The highest barrier that a projectile can clear is 14.5 m, when the projectile is launched at an angle of 31.0 ° above the horizontal. What is the projectile's launch speed?
Only the vertical component of velocity coverts to gravitational potential energy at maximum height H.
(Vo sin31)^2 = 2 g H = 284.2 m^2/s^2
Vo sin31 = 16.86 m/s
Vo = 32.7 m/s
To find the projectile's launch speed, we can use the equation for the maximum height of a projectile. The maximum height is reached when the vertical component of the velocity becomes zero.
The equation for the maximum height is given by:
h = (v^2 * sin^2(θ)) / (2 * g)
where:
h = maximum height
v = launch velocity
θ = launch angle
g = acceleration due to gravity (approximated as 9.8 m/s^2)
In this case, the maximum height is given as 14.5 m and the launch angle is 31.0°.
Substituting these values into the equation, we have:
14.5 = (v^2 * sin^2(31.0°)) / (2 * 9.8)
To solve for v, we need to rearrange the equation:
v^2 = (14.5 * 2 * 9.8) / sin^2(31.0°)
v^2 = 285.8 / (sin^2(31.0°))
Taking the square root of both sides, we get:
v = √(285.8 / (sin^2(31.0°)))
Using a calculator, we can solve for v:
v ≈ √(285.8 / (0.1543^2)) ≈ 36.3 m/s
Therefore, the projectile's launch speed is approximately 36.3 m/s.

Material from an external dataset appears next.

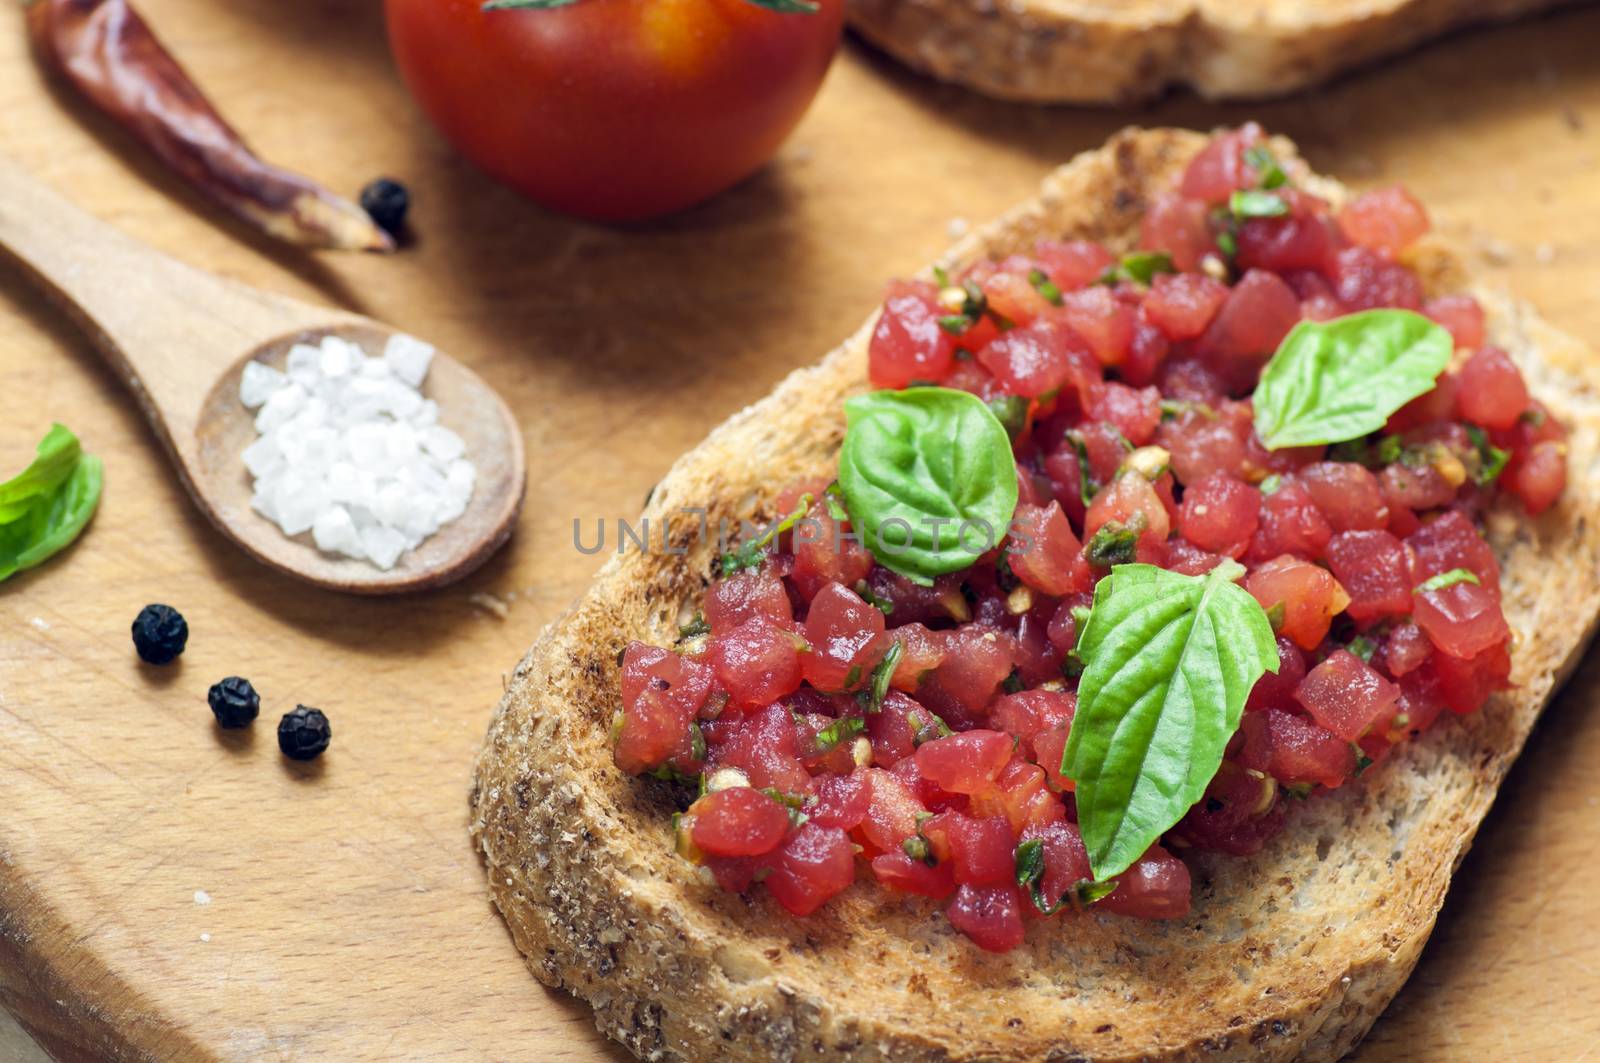 Italian bruschetta topped with tomatoes and basil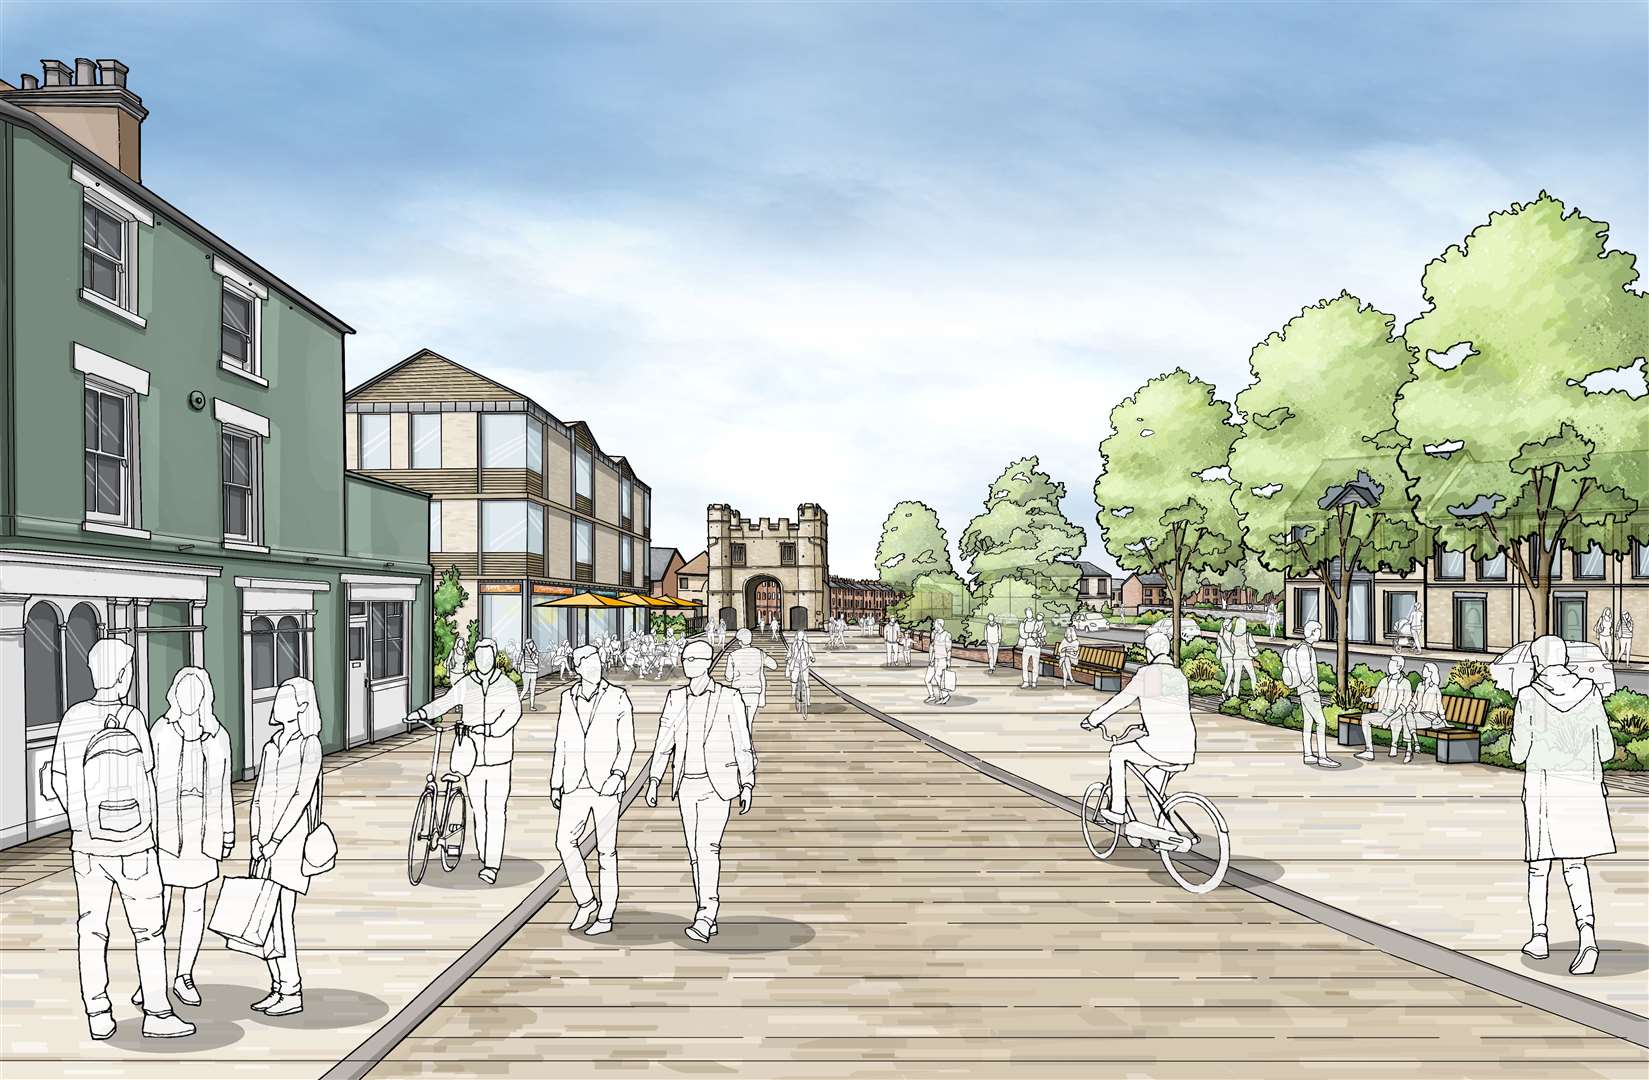 The masterplan will see the space around the 600-year-old fortification pedestrianised

To find the projectile's launch speed, we can use the concepts of projectile motion and the equations of motion.
The first step is to break the motion of the projectile into its horizontal and vertical components.
1. Horizontal Component: The horizontal velocity of the projectile remains constant throughout its motion. We can find the horizontal component of the initial velocity using the formula:
vx = v * cos(θ), where vx is the horizontal component of velocity, v is the initial velocity, and θ is the launch angle.
In this case, θ = 31.0 °.
2. Vertical Component: The vertical motion of the projectile is influenced by gravity. The vertical displacement (height) of the projectile can be calculated using the formula:
h = vy * t + (1/2) * g * t^2, where h is the maximum height, vy is the vertical component of velocity, t is the time of flight, and g is the acceleration due to gravity (approximately 9.8 m/s^2).
At the maximum height, vy = 0, so the equation becomes:
h = (1/2) * g * t^2.
3. Time of flight: The time it takes for the projectile to reach its maximum height and return to the same vertical position can be calculated using the formula:
t = 2 * vy / g.
At the maximum height, vy = 0, so the equation becomes:
t = 2 * (v * sin(θ)) / g.
To find the launch speed, we need to solve for v.
First, solve for t using the equation t = 2 * (v * sin(θ)) / g:
t = 2 * (v * sin(31.0 °)) / 9.8
Then, substitute t in the equation h = (1/2) * g * t^2:
14.5 = (1/2) * 9.8 * (2 * (v * sin(31.0 °)) / 9.8)^2
Simplify the equation:
14.5 = (v^2 * sin^2(31.0 °)) / 9.8
Multiply both sides by 9.8 to eliminate the denominator:
14.5 * 9.8 = v^2 * sin^2(31.0 °)
Take the square root of both sides to solve for v:
v = sqrt((14.5 * 9.8) / sin^2(31.0 °))
Using a calculator, we can find the value of v to be approximately 19.5 m/s.
Therefore, the projectile's launch speed is approximately 19.5 m/s.